Friday, March 27, 2009
I usually buy the Wednesday paper-that's when they publish the food section. This week was no exception, and a recipe for a salad called Dama Bianca caught my eye. I don't think I could have missed it-it took up half a page. I love Insalata Caprese (tomato and mozzerella), so Dama Bianca sounded just dandy. It was time to try fennel, too. I've never tried it; it's not like it grows all over the place in East Cupcake.
I drove and drove and drove to buy fennel and salmon (smoked, the Alaska way!) for dinner. The salmon was good. The salad was a LOT of fennel. DH made an awful lot of "Well, now we know what that tastes like" noises. Which is husband for "please don't make this again."
We finally got rain this week, and spring is in the air. The fire ants are shaking off their boots and getting ready to celebrate Fiesta with the rest of south Texas. I heard one of my favorite ads today:
There's nothing good about Fire Ants. They don't pollinate your roses They don't make cute little sounds when they rub their legs together. All they do is build a big mound in your yard and bite the hell out of anyone who gets near it. That's it. That's their sole contribution to mankind.

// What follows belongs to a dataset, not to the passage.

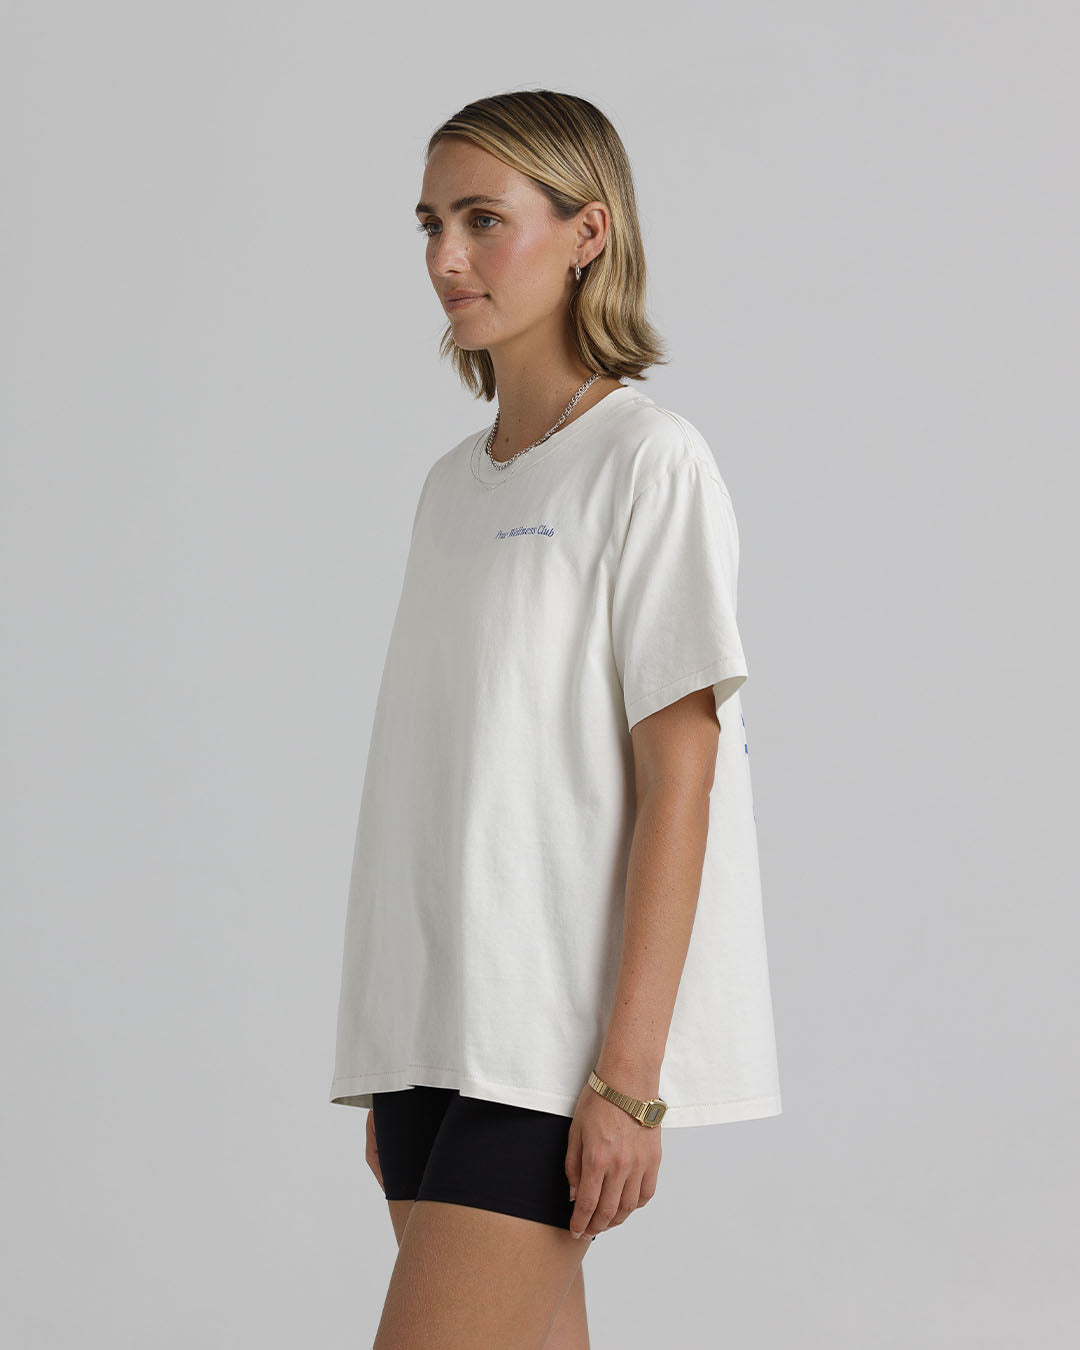 Move Mindfully T-Shirt – Cream / Royal Blue Tees by Prae Wellness - Prae Store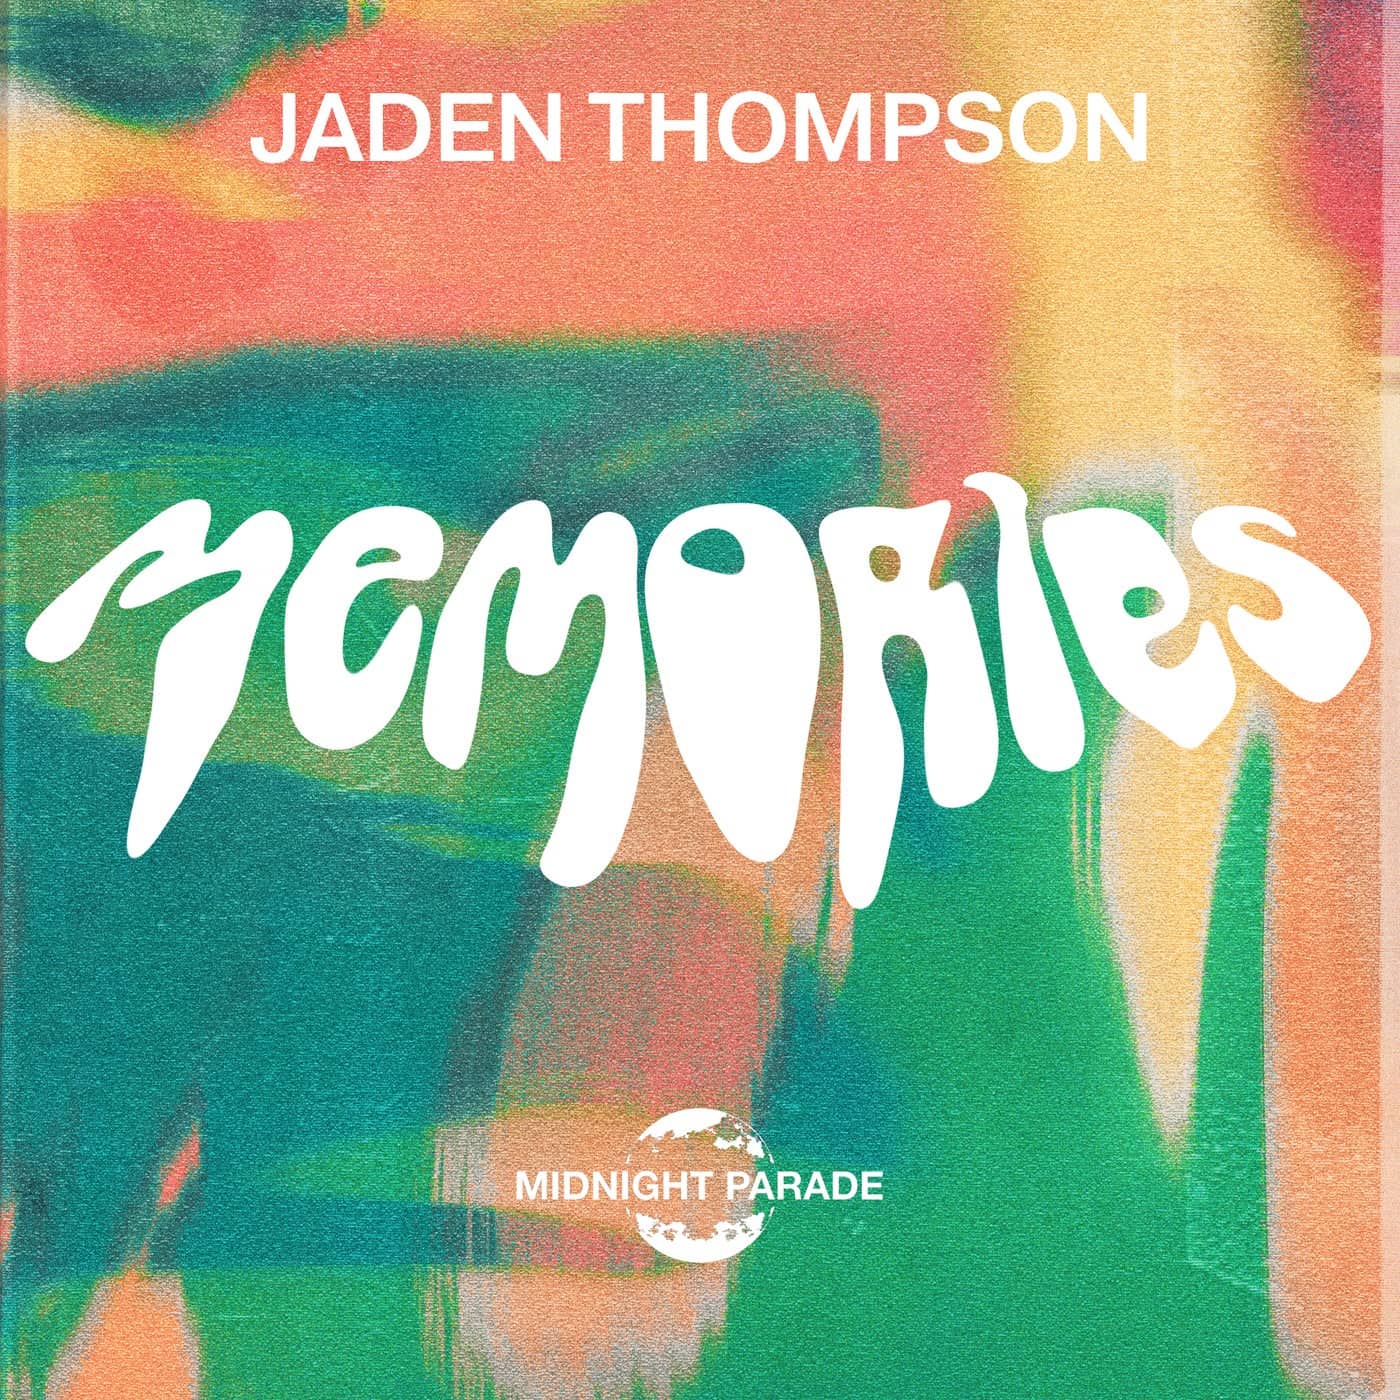 Download Jaden Thompson - Memories on Electrobuzz

And that's why they have to die. It's that simple. You cannot rehabilitate a fire ant. You have to kill him, his little red friends, and that big fat queen down there making more fire ants. Oh, you could lug a big sack of chemicals and a garden hose around the yard, but that's about as fun as getting bit in the first place. No, what you need is Antstop Orthene Fire Ant Killer from Ortho. You put two teaspoons of Antstop around the mound and you're done. You don't even water it in.
The scout ants track it back into the mound -- and here's the really good part -- everybody dies, even the queen. And while there's joy in all creatures living in harmony, it's nothing compared to wasting fire ants. Now that's a rush. Antstop Orthene Fire Ant Killer from Ortho. Kick Fire Ant butt.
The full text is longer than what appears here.